In the '60s and '70s a half baggie of marijuana was a good bust. Today multi-kilo seizures of cocaine are not uncommon. Crystal meth and crack are everywhere and easy to get.

There is a group of cop-types, who call themselves Law Enforcement Against Prohibition (LEAP), more than 500 hundred strong, who recognize the reality and the folly.

Norm Stamper, retired chief of the Seattle Police Service, says the drug war is nonsense, morally harmful and financially wrong.

Peter Christ, a retired captain from New York state, sees the war more as a policy of prohibition that doesn't work and draws parallels to the booze ban of the '20s and early '30s when gangsters made huge bucks dealing liquor.

Retired Lt. Jack Cole of the New Jersey State Police, a former undercover officer, says prohibition has given criminals the opportunity to supply drugs and to decide which ones. It's then left to the criminal to say how they'll be produced, how potent they'll be, what age levels they'll sell to and where they're going to sell. "If they decide to sell to 10-year-olds on our playgrounds then that's where they'll be sold."

LEAP says the only way to solve the drug problem is to remove the criminals' profit, estimated annually to be $400 billion worldwide. And that can only be done by legalizing drugs. By making it a governmental responsibility to regulate, control and most importantly to keep them out of the hands of children.

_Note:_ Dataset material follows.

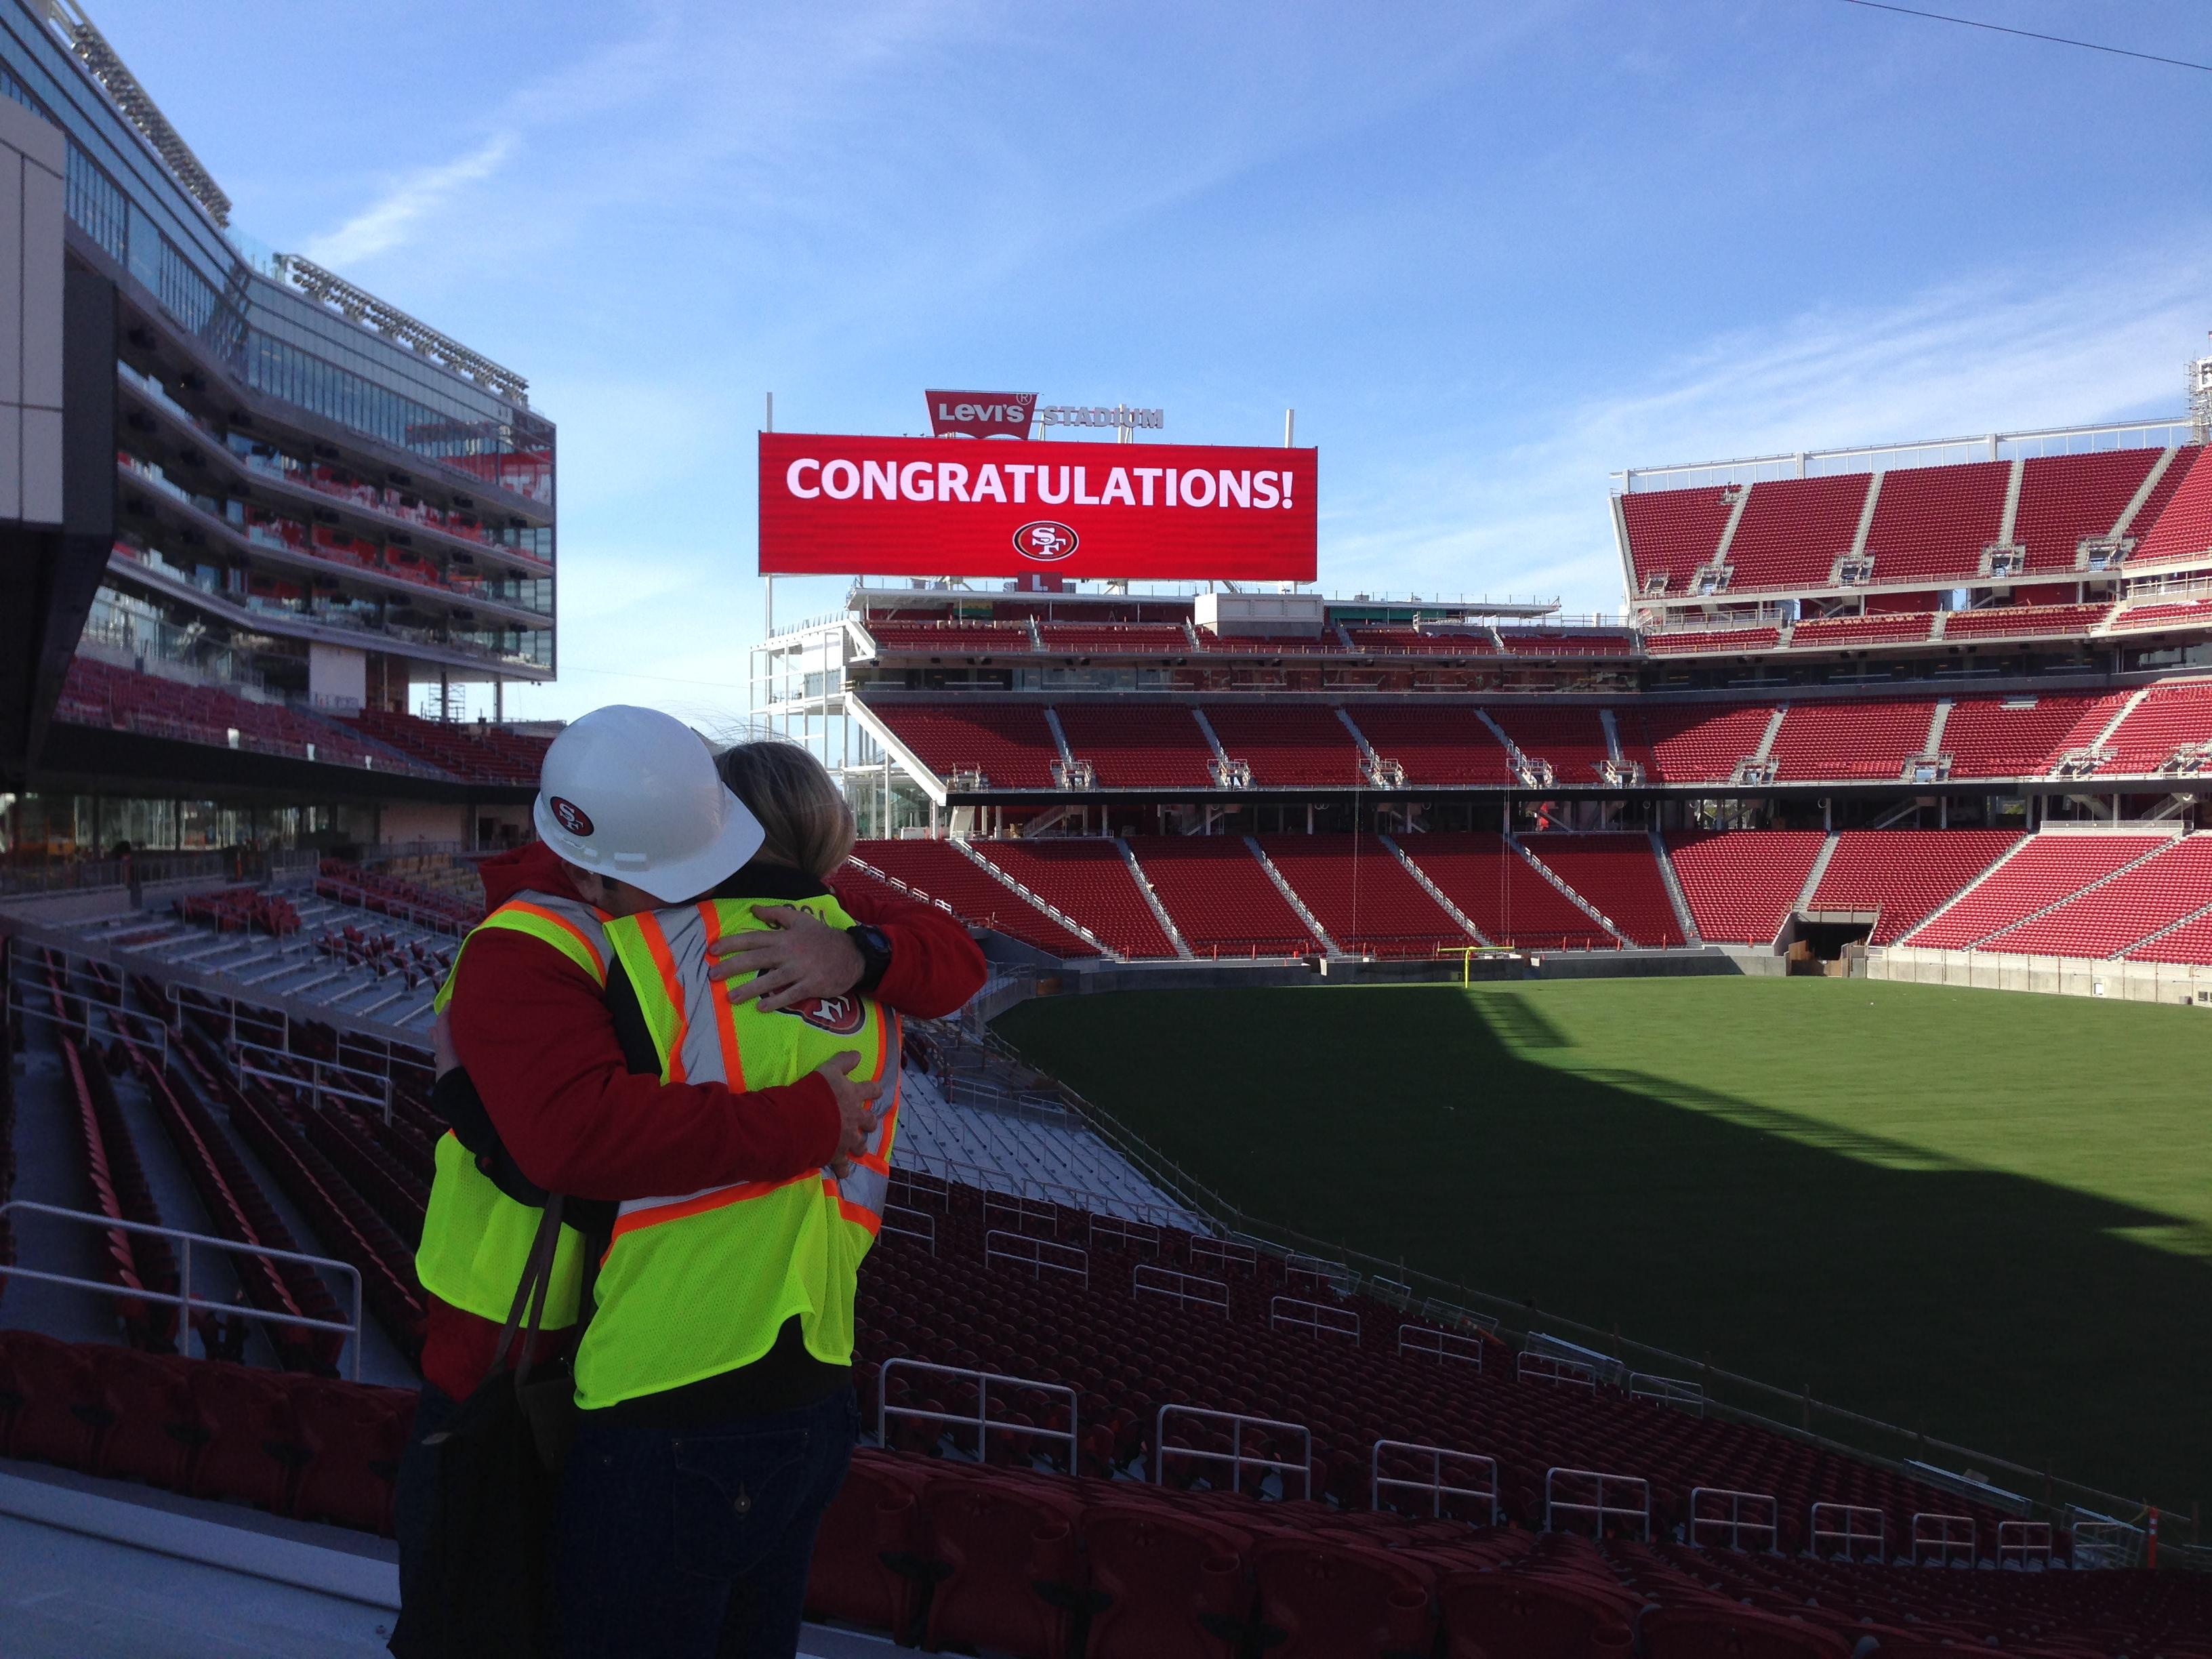 Image 7 of Scott & Sarah: 49ers Fan Proposes in New Stadium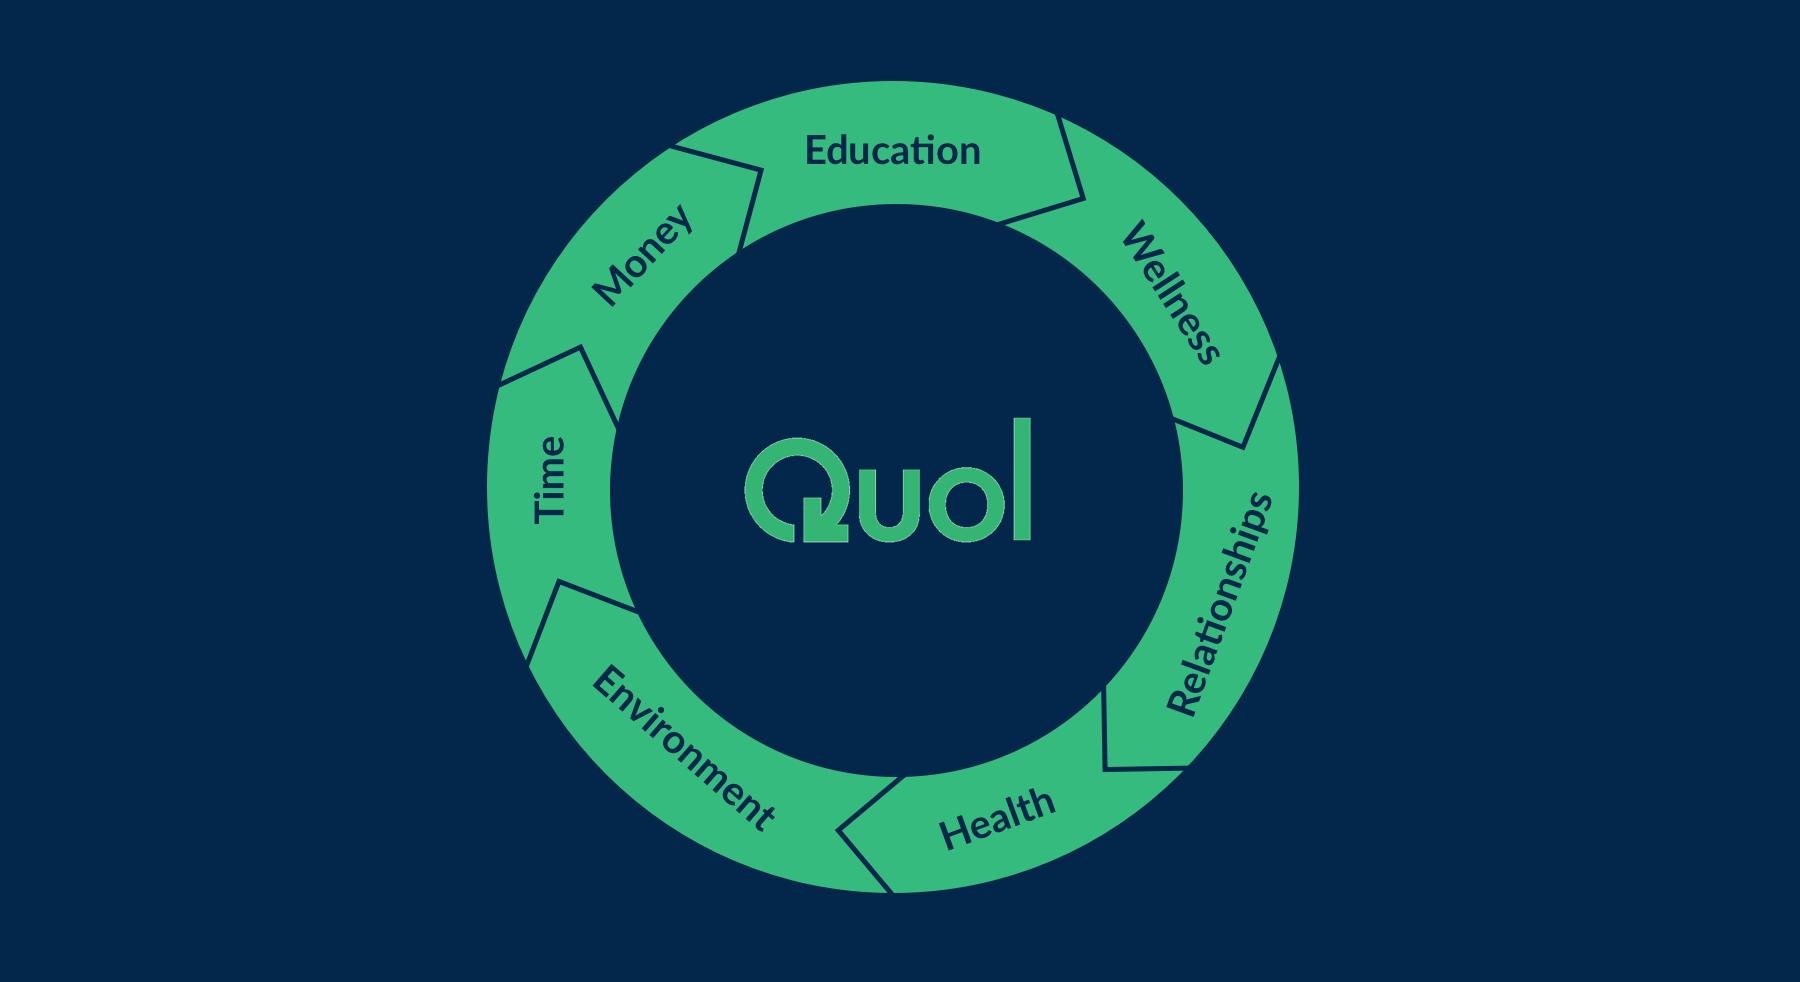 quol-diagram-ux-design-furthermore.png

LEAP claims if the need to cheat the law is eliminated, then a whole criminal culture goes up in smoke. Such thinking has the support of Edward Ellison, former head of Scotland Yard's anti-drug squad, some judges, other chiefs and officers from around the world, including Canada.

In Winnipeg, if an addict needing a fix could turn to Health Canada instead of the Hells Angels, violence and crime would plummet. And with a helping agency in charge of the drugs there would at least be hope for curing the addiction. Hardly an easy task, Christ notes, but doable as he points out that 50% of the people who smoked 10 years ago have quit, solely as a result of education.

Today's enforcement-driven approach has yielded violence, heartbreak and a situation where a child has an easier time finding drugs than alcohol. With that, should LEAP's philosophy not form at least part of the discussion as we carry on with Nixon's war?